-- DATASET SECTION follows --
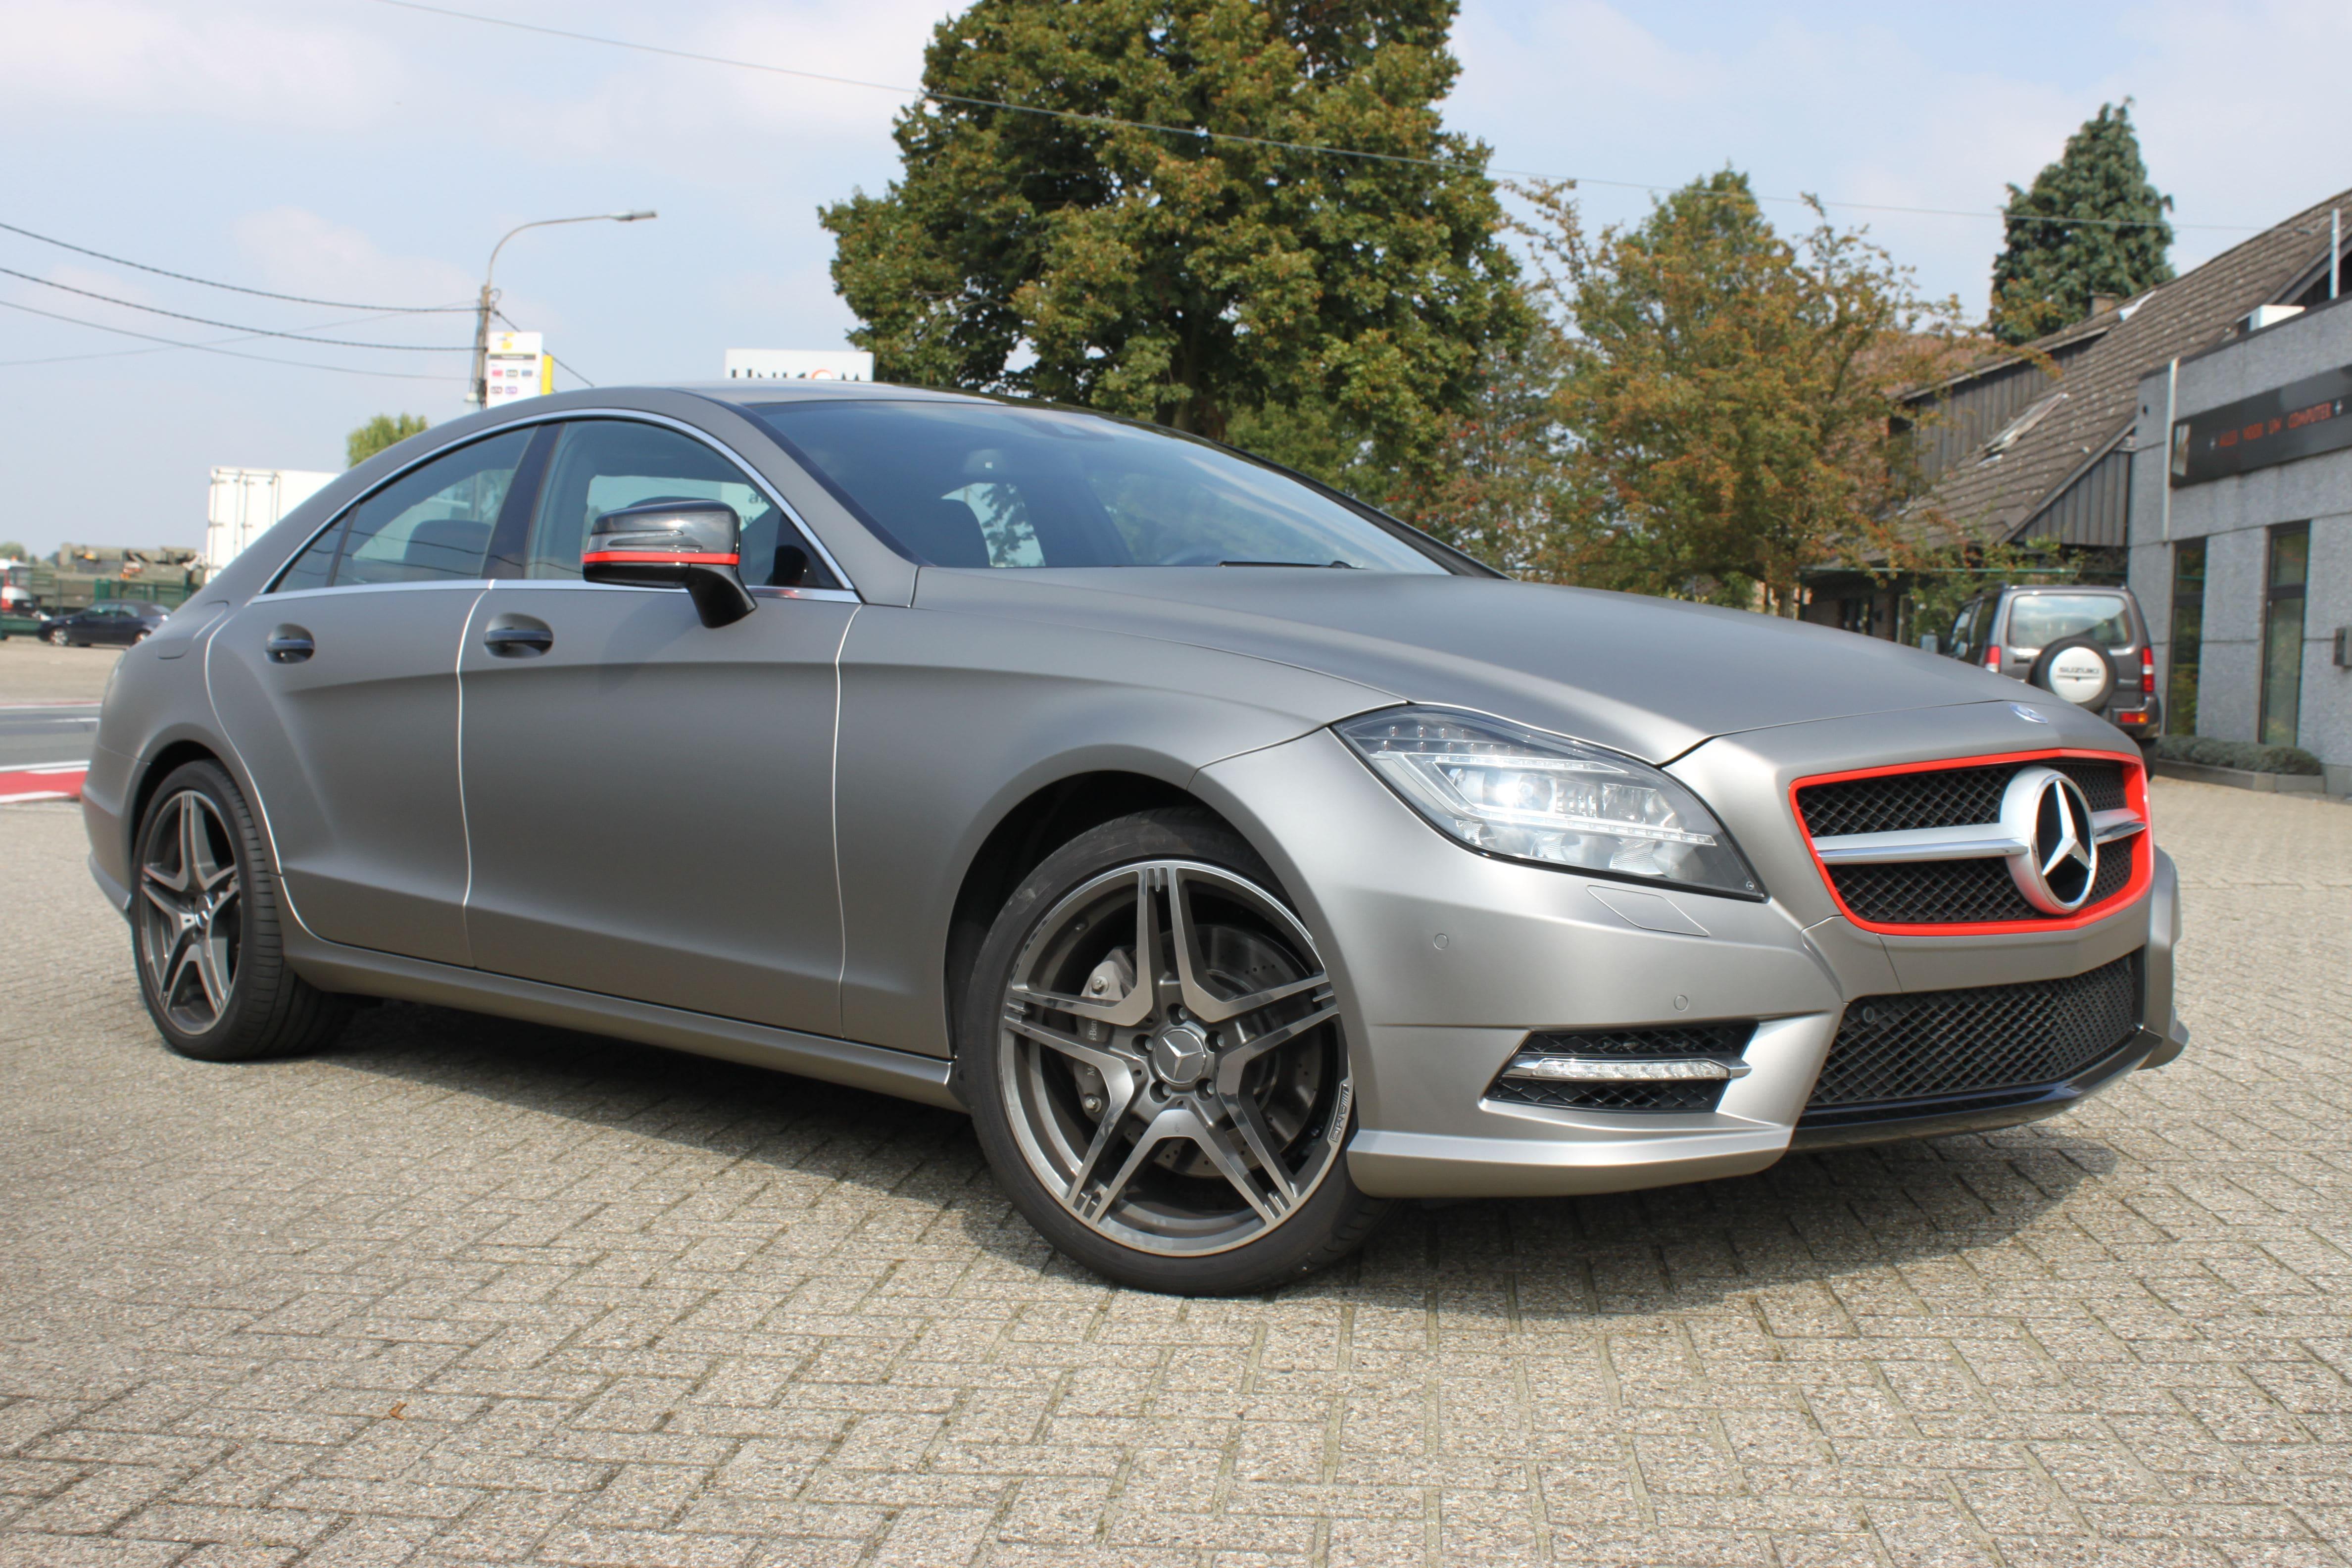 Mercedes CLS met Mat Grey Aluminium Wrap, Carwrapping door Wrapmyride.nu Foto-nr:6160, ©2020
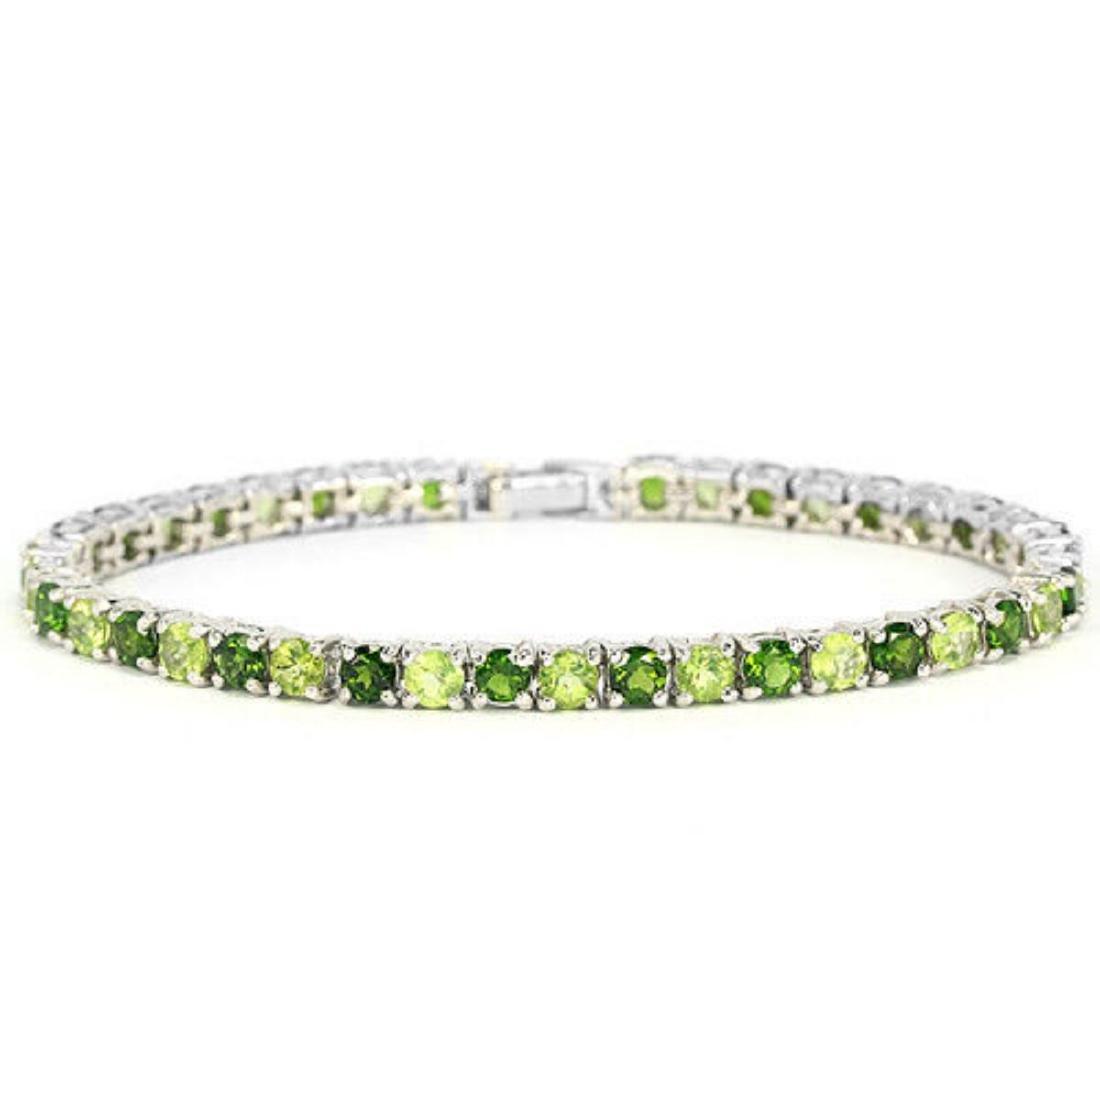 NATURAL GREEN CHROME DIOPSIDE & PERIDOT Bracelet
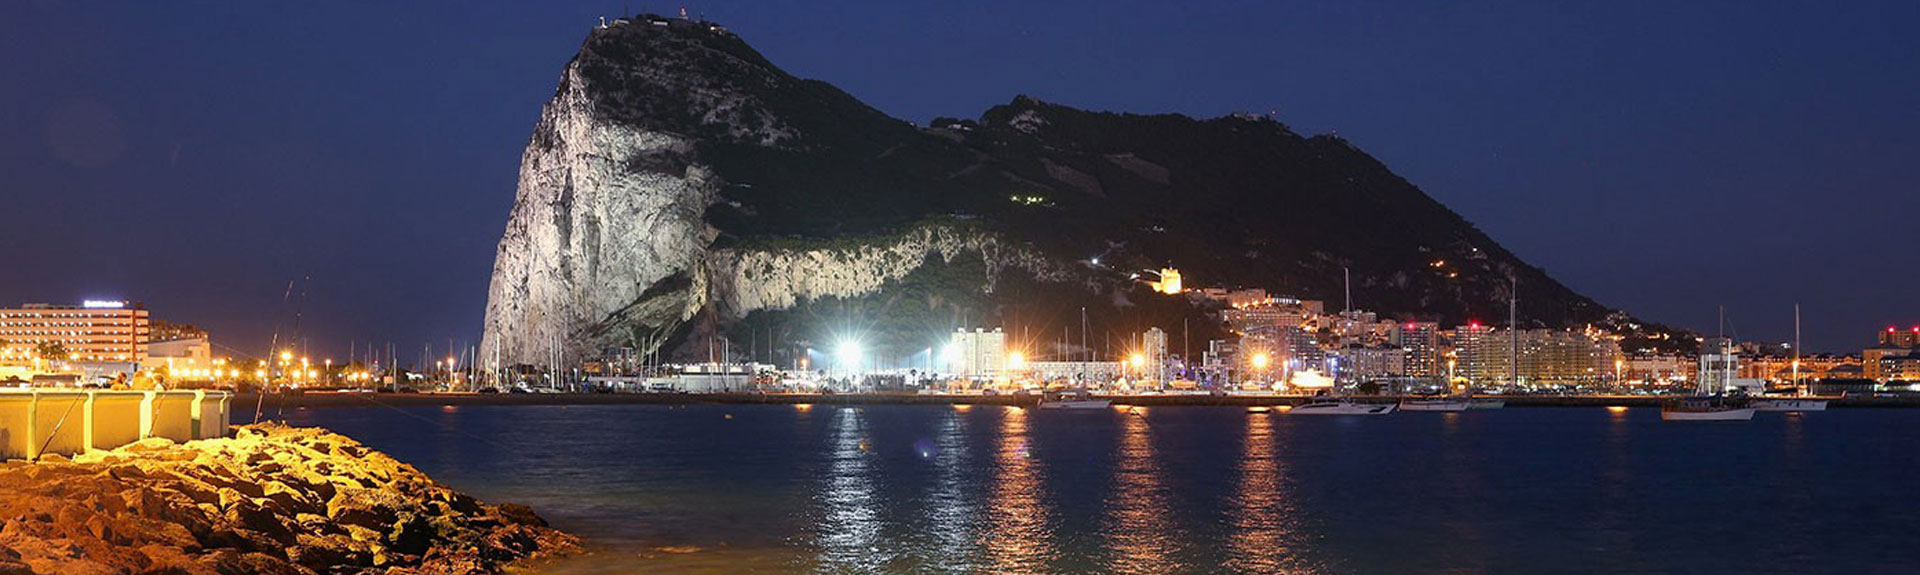 1400-hero-gibraltar-rock-night.imgcache.rev1409669038227.web.1400.720
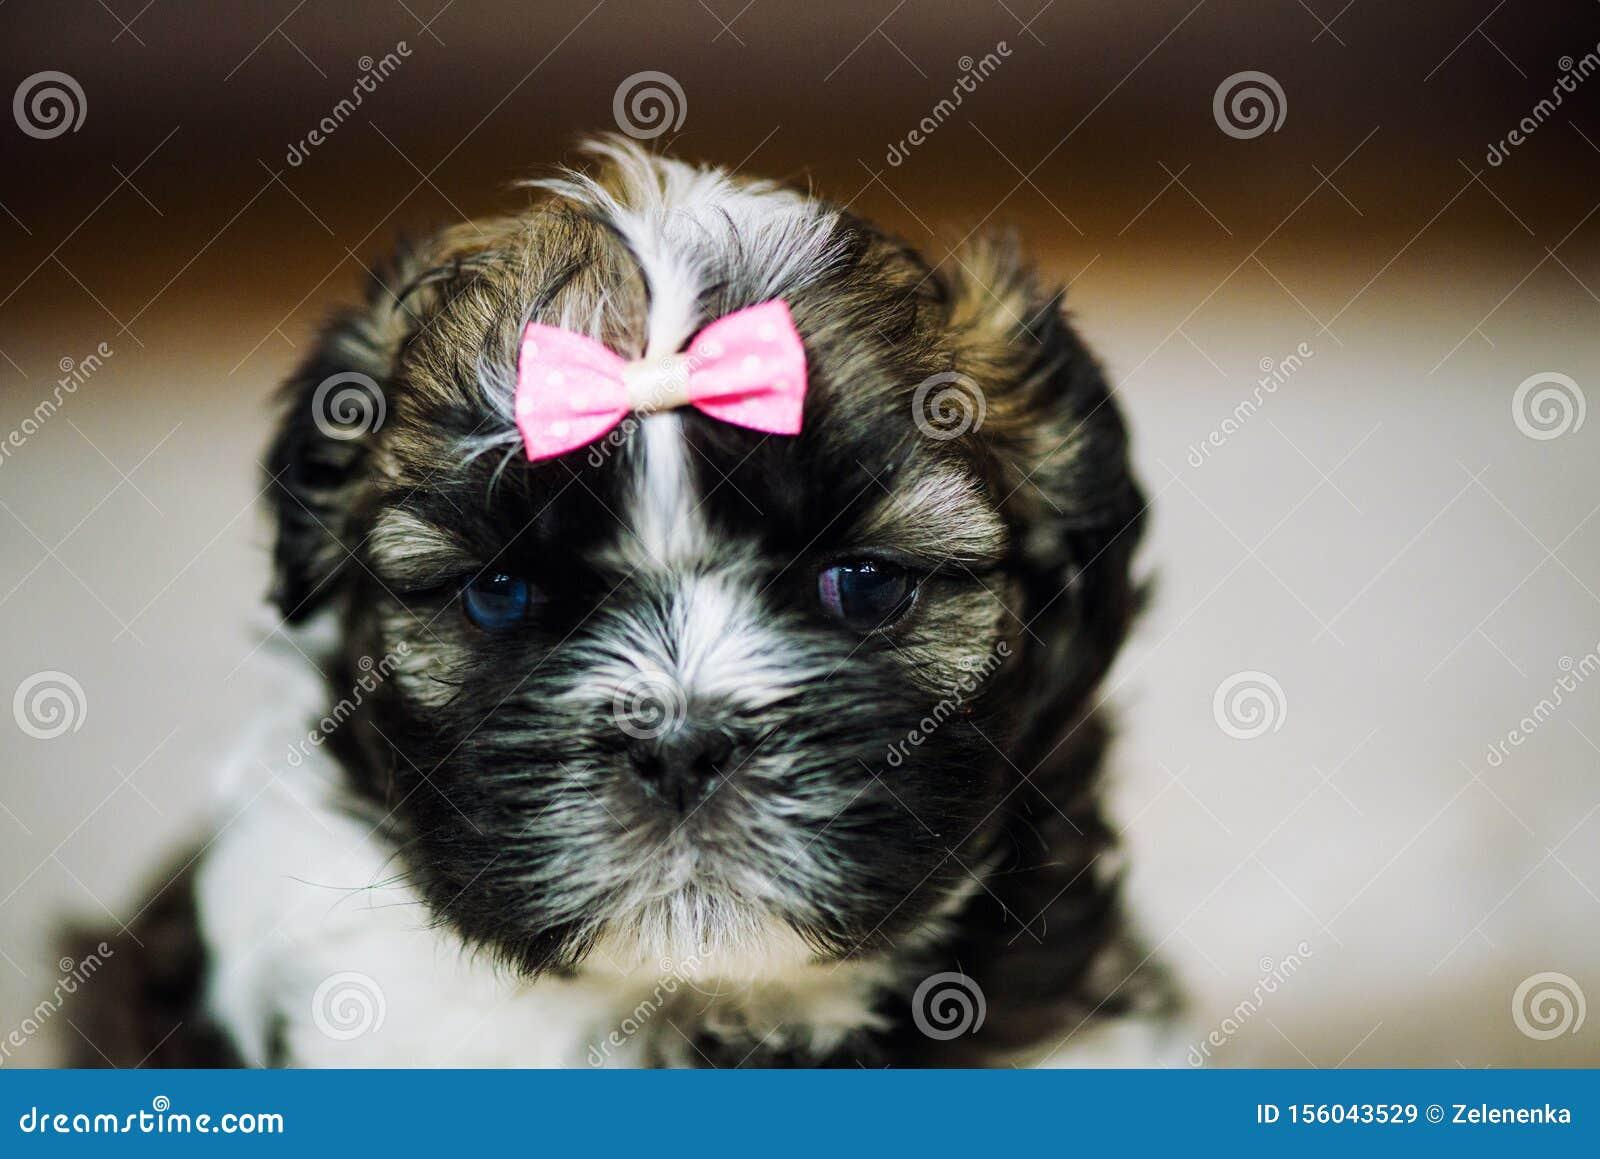 Shih Tzu Puppies Stock Image Image Of Animal Chair 156043529
-- DATASET SECTION concluded --
- **TASK TO CARRY OUT**:
A faithful copy of the data above is wanted, with every image left out.

- **ANSWER TO THE PROBLEM**:
 Mercedes CLS met Mat Grey Aluminium Wrap, Carwrapping door Wrapmyride.nu Foto-nr:6160, ©2020
 NATURAL GREEN CHROME DIOPSIDE & PERIDOT Bracelet
 1400-hero-gibraltar-rock-night.imgcache.rev1409669038227.web.1400.720
 Shih Tzu Puppies Stock Image Image Of Animal Chair 156043529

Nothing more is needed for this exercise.